* _WORK REQUIRED_
Everything from the line containing "Tell Me by #1" to the end of the listing, both included, should be returned exactly, apart from the pictures.

=== Section Start ===

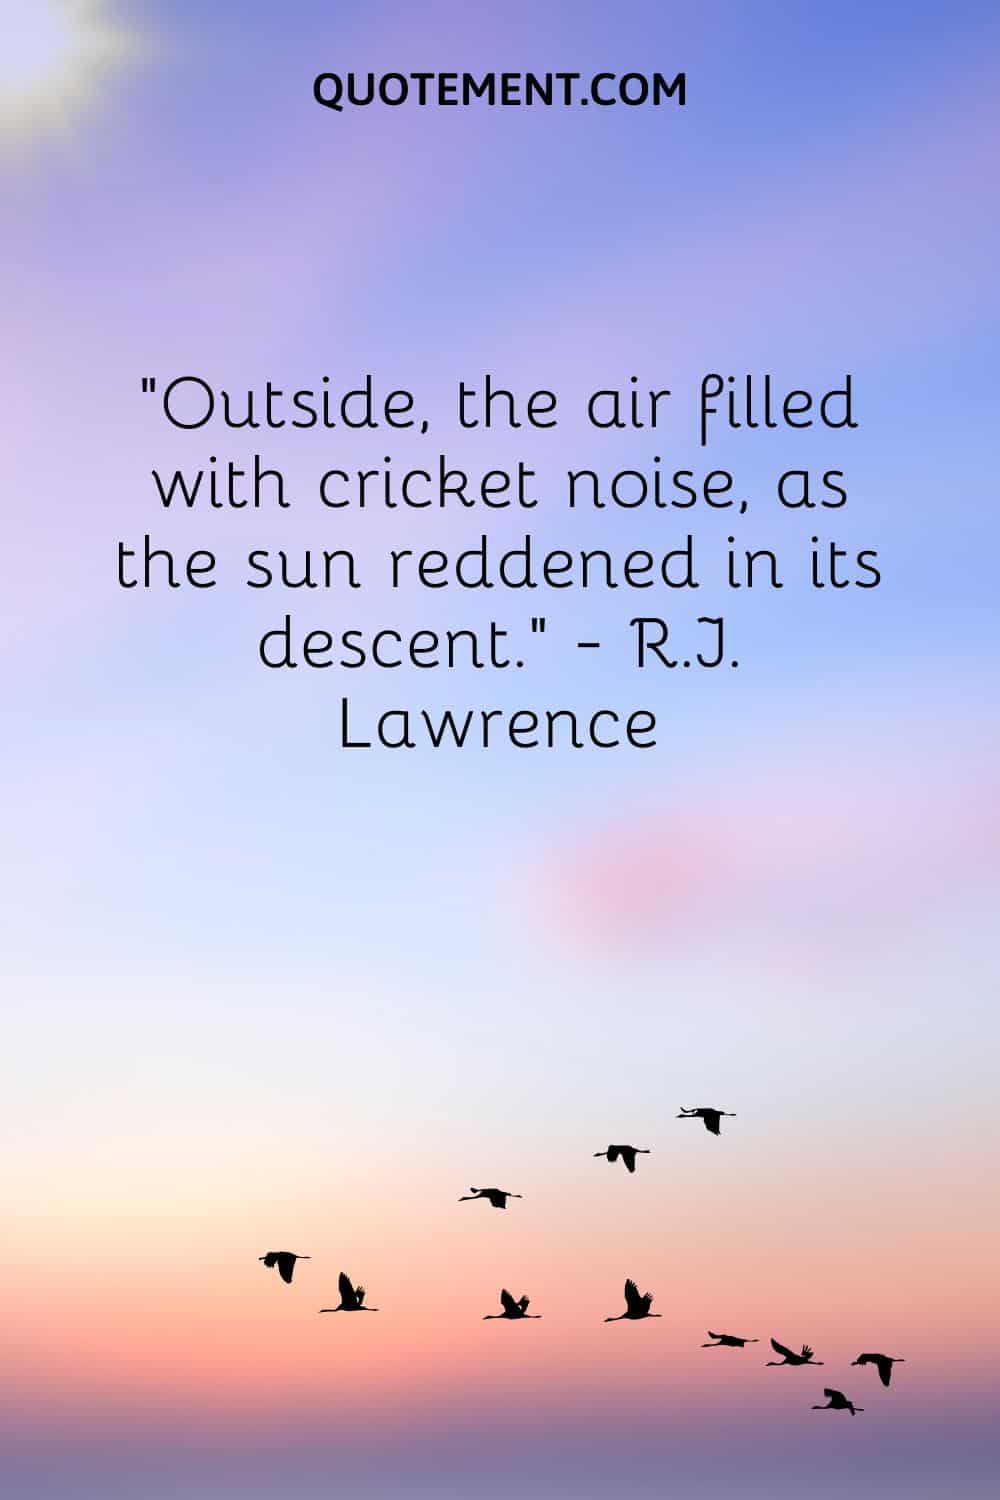 Outside, the air filled with cricket noise, as the sun reddened in its descent
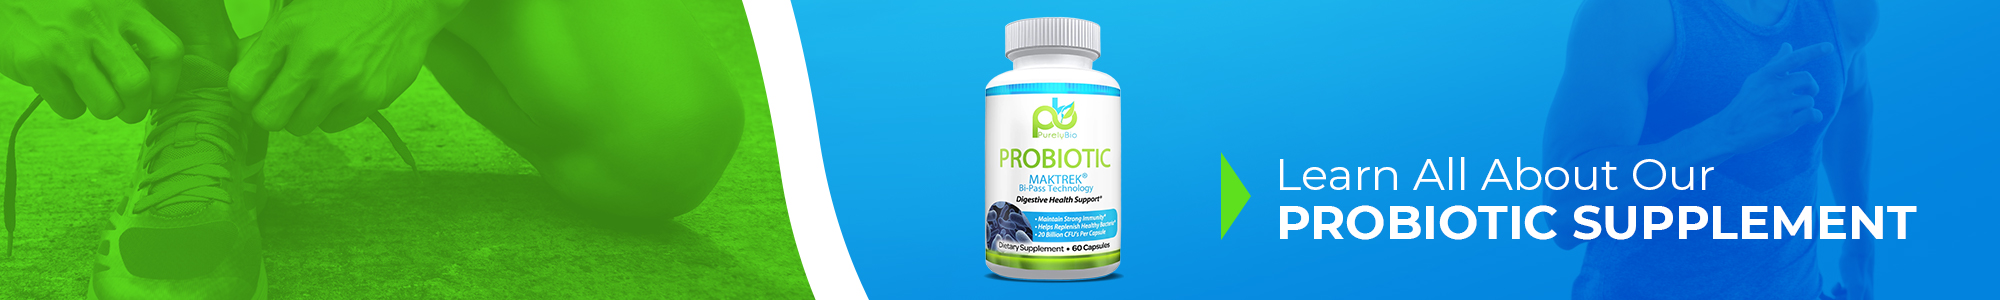 Banner - Learn all about our probiotic supplement
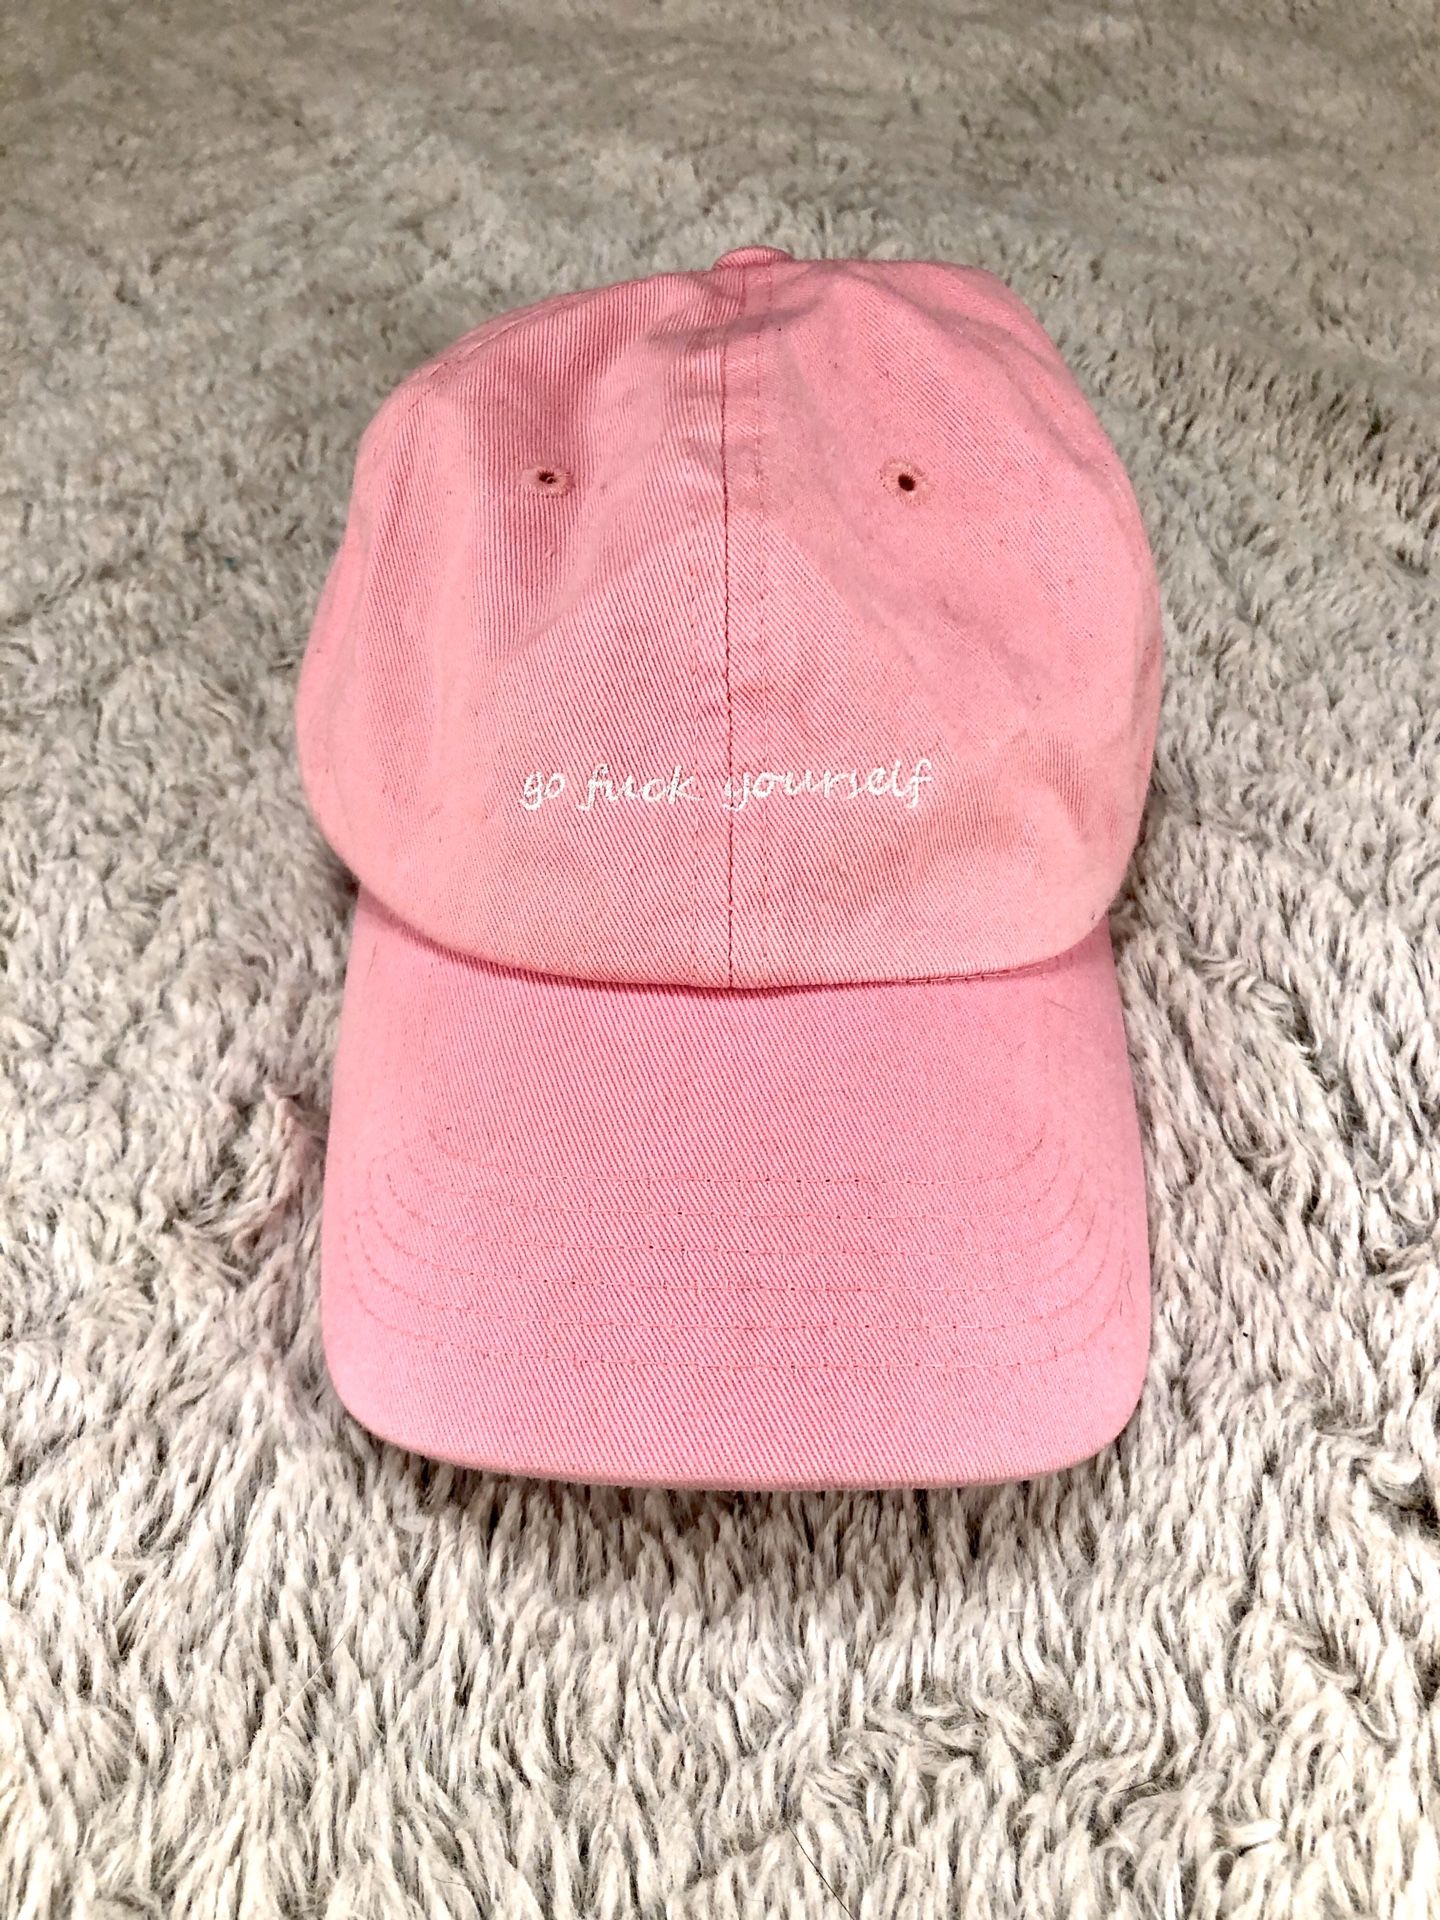 Go F*ck Yourself Pink Hat
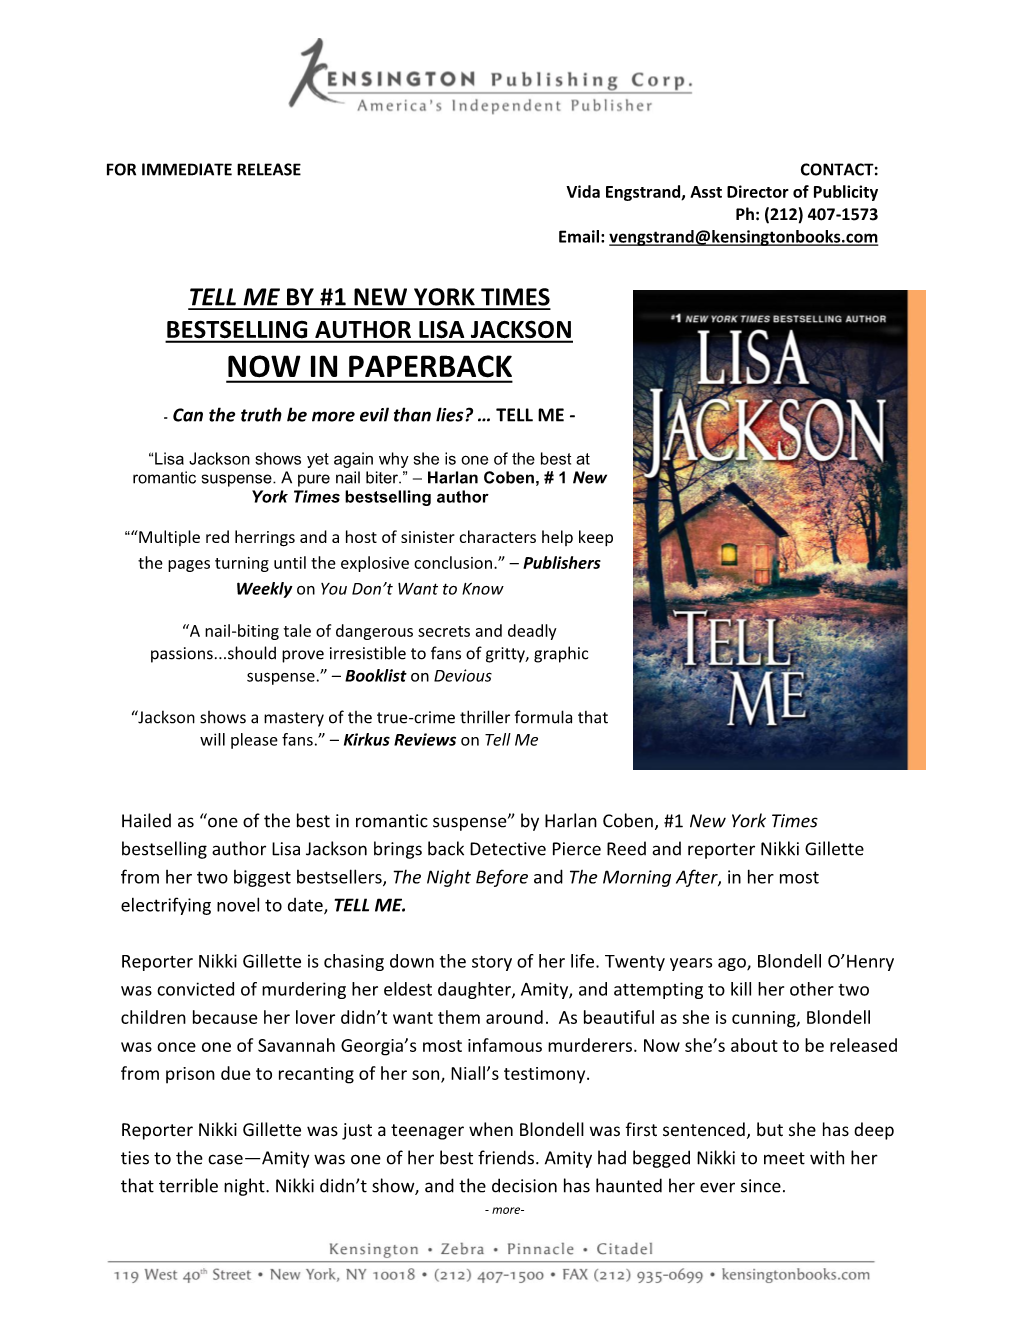 Tell Me by #1 New York Times Bestselling Author Lisa Jackson Now in Paperback
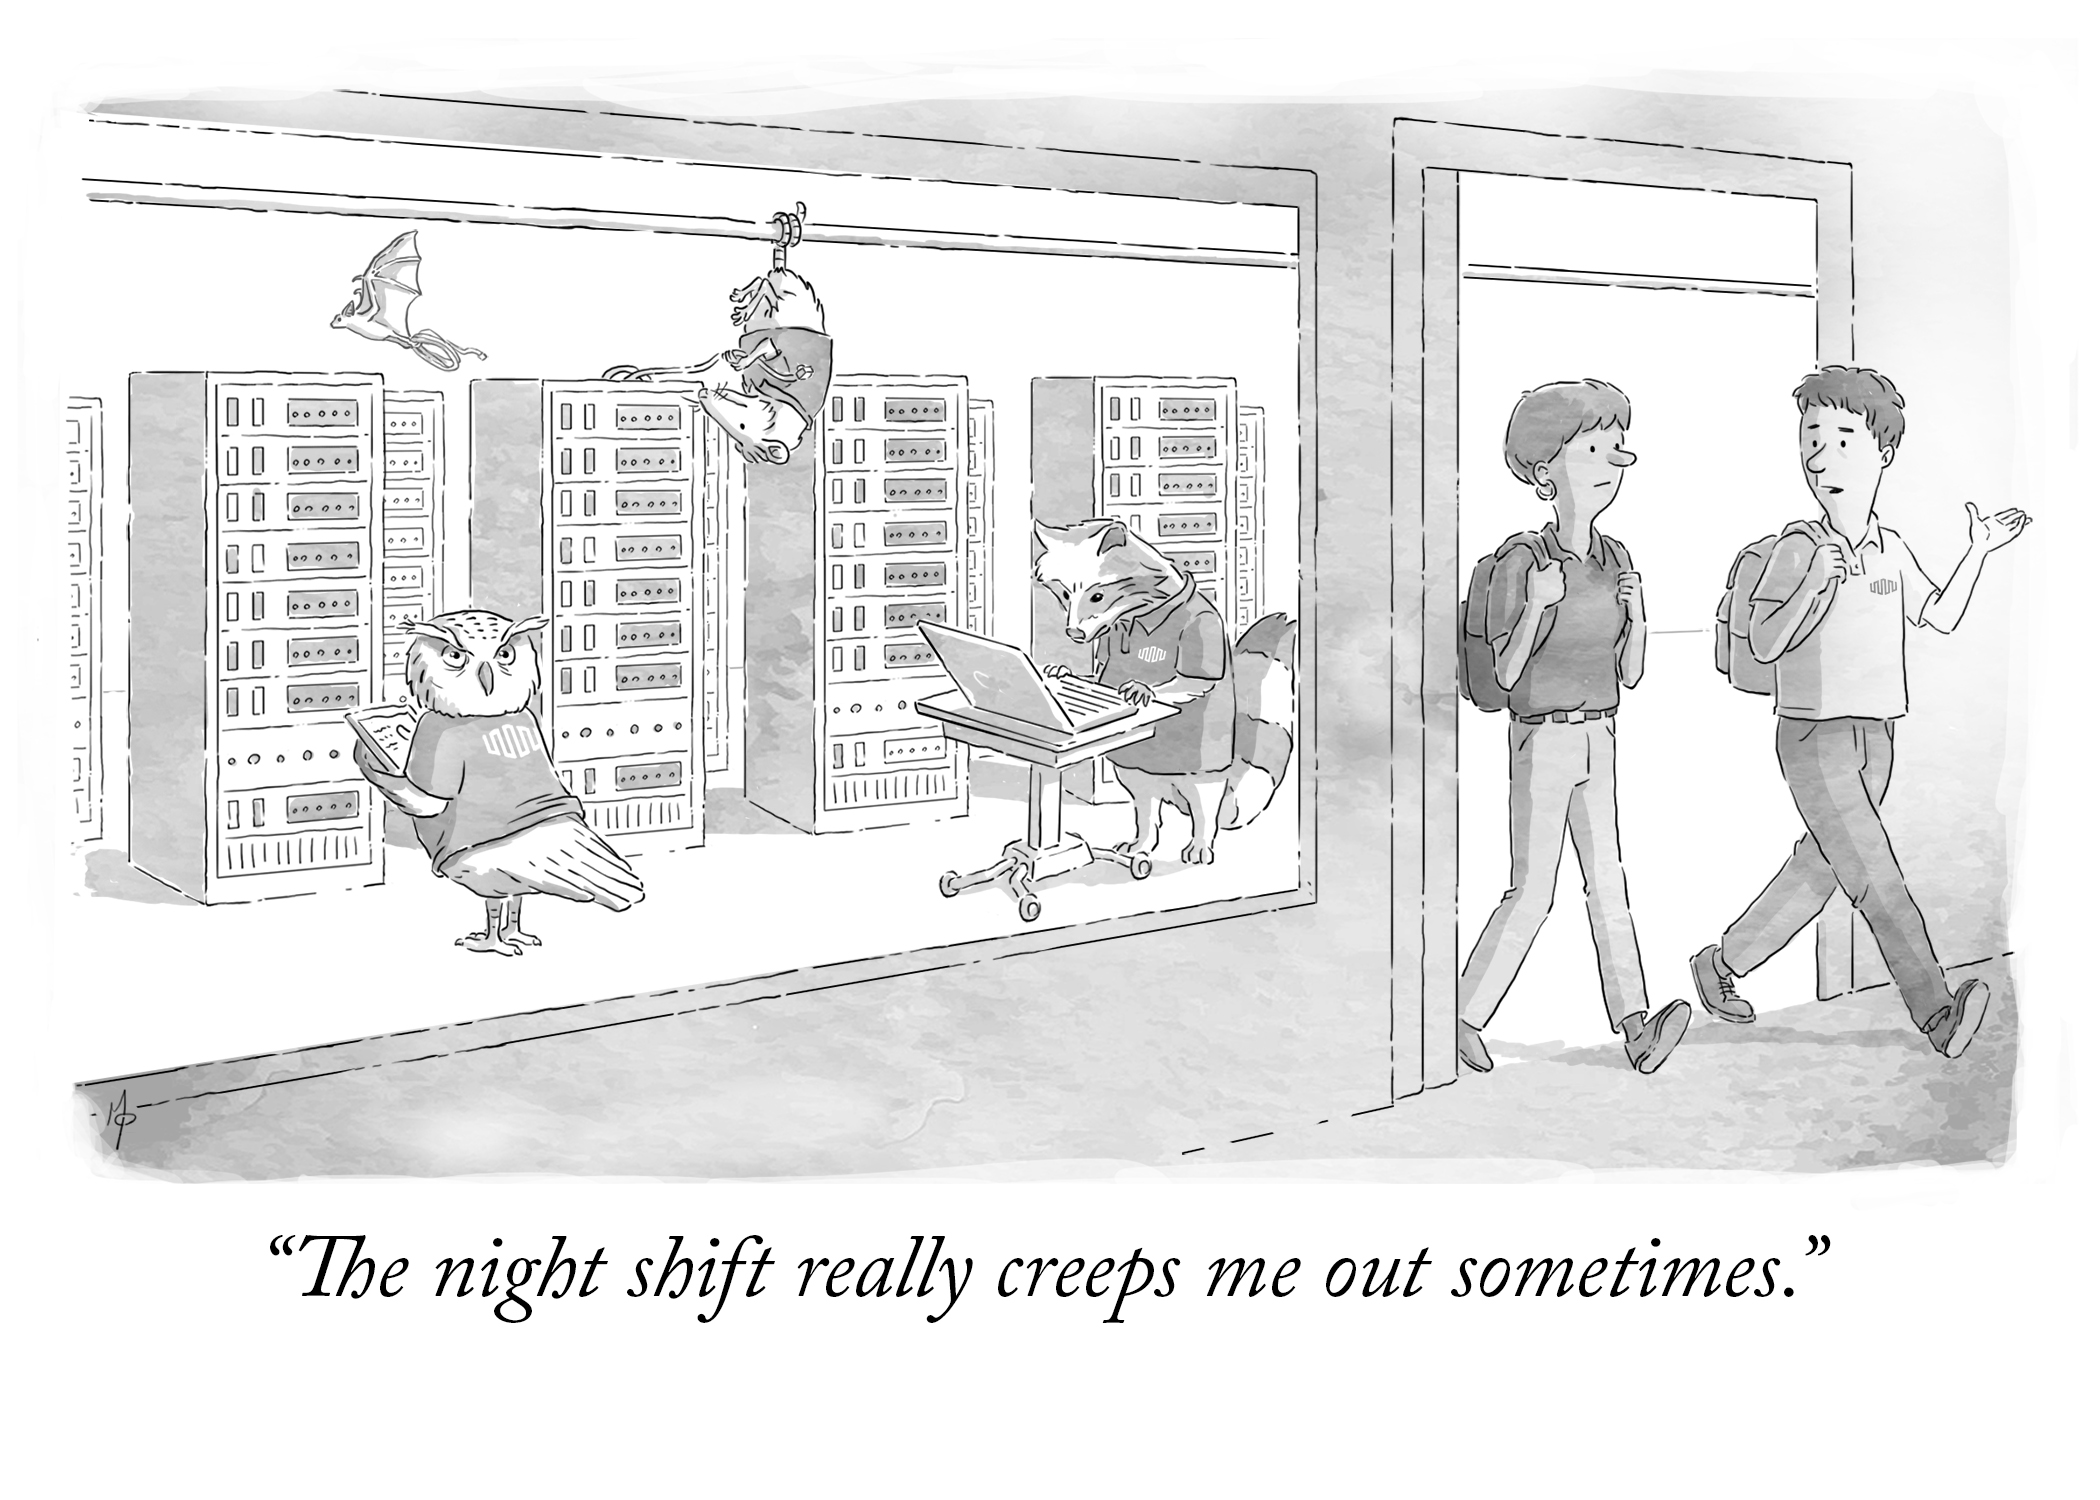 New Yorker style illustration. Two people are having a conversation on their way out of a server room - which is full of night time animals working for Equinix. The caption reads: The night shift really creeps me out sometimes.

=== Section End ===

* _TASK SOLUTION_
 Tell Me by #1 New York Times Bestselling Author Lisa Jackson Now in Paperback
 New Yorker style illustration. Two people are having a conversation on their way out of a server room - which is full of night time animals working for Equinix. The caption reads: The night shift really creeps me out sometimes.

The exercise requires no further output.